Each gets a night, they get some say in the meal. Initially you have to be there helping but not after a while. If they are out / have something on they can agree a swap or cook something freezable beforehsnd as that thinking is good learning too. They should also be involved in clearing up although not on their cooking nights ( to be revisited if one chef uses every pan in the kitchen).

timeisnotaline · 13/07/2018 11:34

Not cooking classes though unless the parent can’t cook to save themselves in which case they should go too. Just cooking meals at home with parents is learning basic life skills.

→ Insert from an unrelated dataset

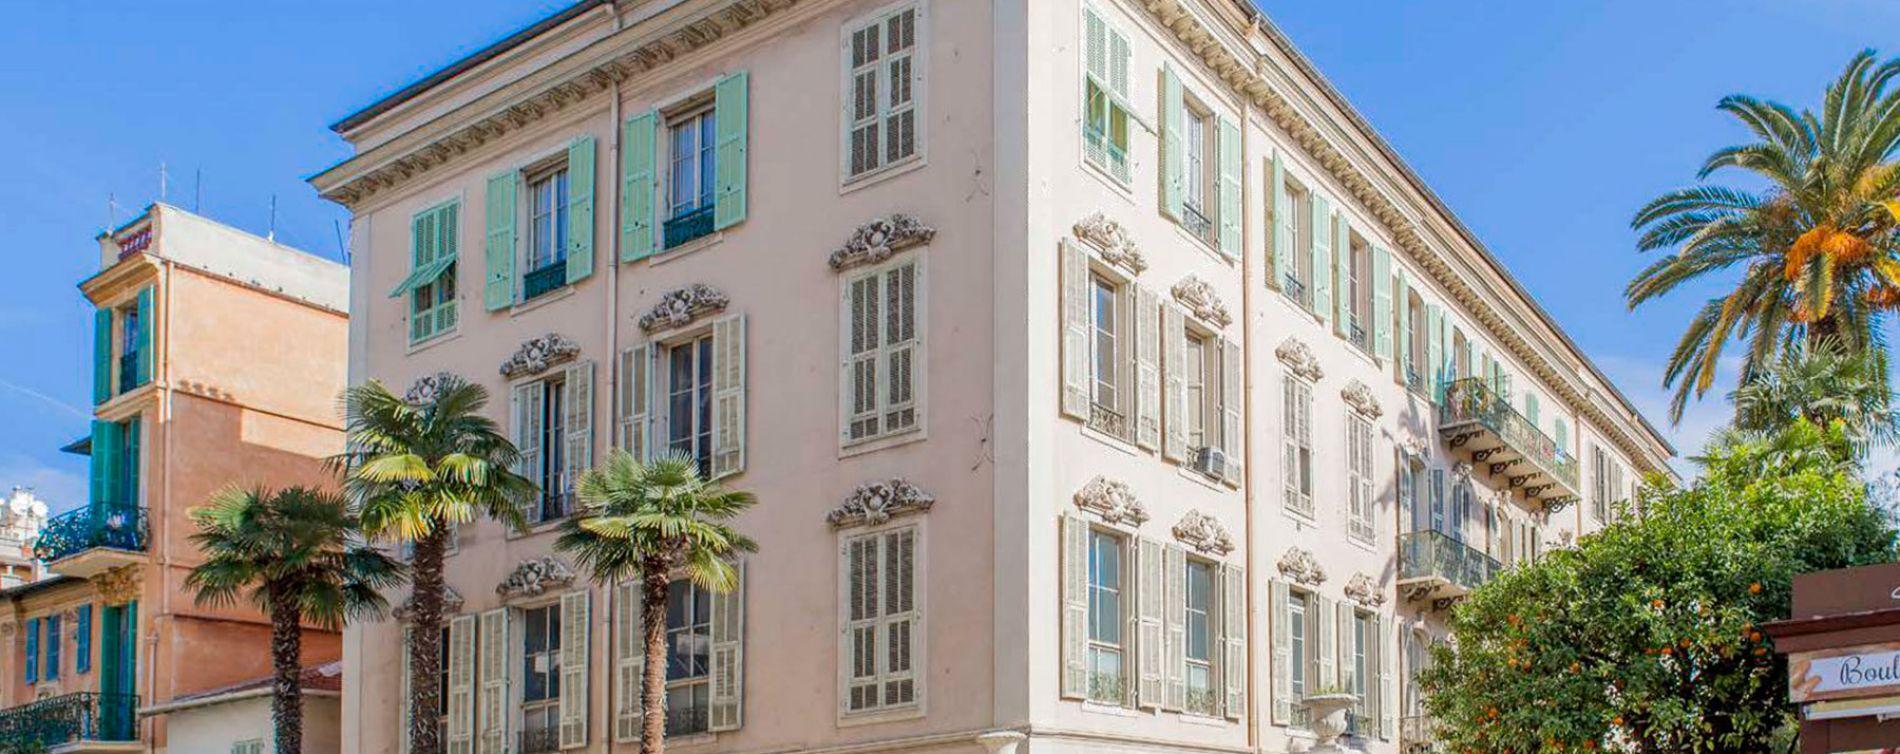 Résidence Villa Taffe à Nice

Snugglepumpkin · 13/07/2018 12:02

I loved cooking as a child & when I left home one of the things I missed was access to my parents recipe books as they lived hundreds of miles away.
Before I could get copies of the ones I wanted, they downsized & got rid of most of their recipe books.
So, I taught my eldest to cook & as we went along made a recipe book which he took with him when he moved out.
It had all the meals he liked through the years although in our case meals sizes are for 2 portions in his book but he knows how to scale them up if need be & we always included information on what could be pre-prepped or frozen on each recipe so when he was at uni he could batch cook curry/chilli/bolognaise etc...
He can cure bacon, make bread, cheeses or jam.
If we made batches of fudge or cakes for school fetes & of course Christmas/birthday cakes, those recipes ended up in there too so he has a basic range of tried & tested recipes for all the normal occasions.

He also got involved with growing plants like fruit/veg when he saw that the seed he planted one month could end up as part of the relish in his BLT a few months later.

I'm starting to do the same with my younger son now so picked up a blank recipe file in the sales.
My older one loved deciding whether a meal went in 'his' recipe book & it got him really engaged with the process of making food.

YANBU to want to teach your sons to cook, I've met adult men who genuinely don't know how to make mashed potato which I still find somewhat unbelievable & you don't want your boys to be like that.

timeisnotaline · 13/07/2018 14:37

I had to sit my husband down very early on and say I expect you to be able to make tasty healthy meals for us. This means using mainly recipes to get the hang of cooking methods and flavours. It is not enough to throw some food together, make some blah shit and consider it pulling your weight.

sashh · 13/07/2018 14:55

I agree with giving them an evening each. Why not let them choose a recipe book each as well.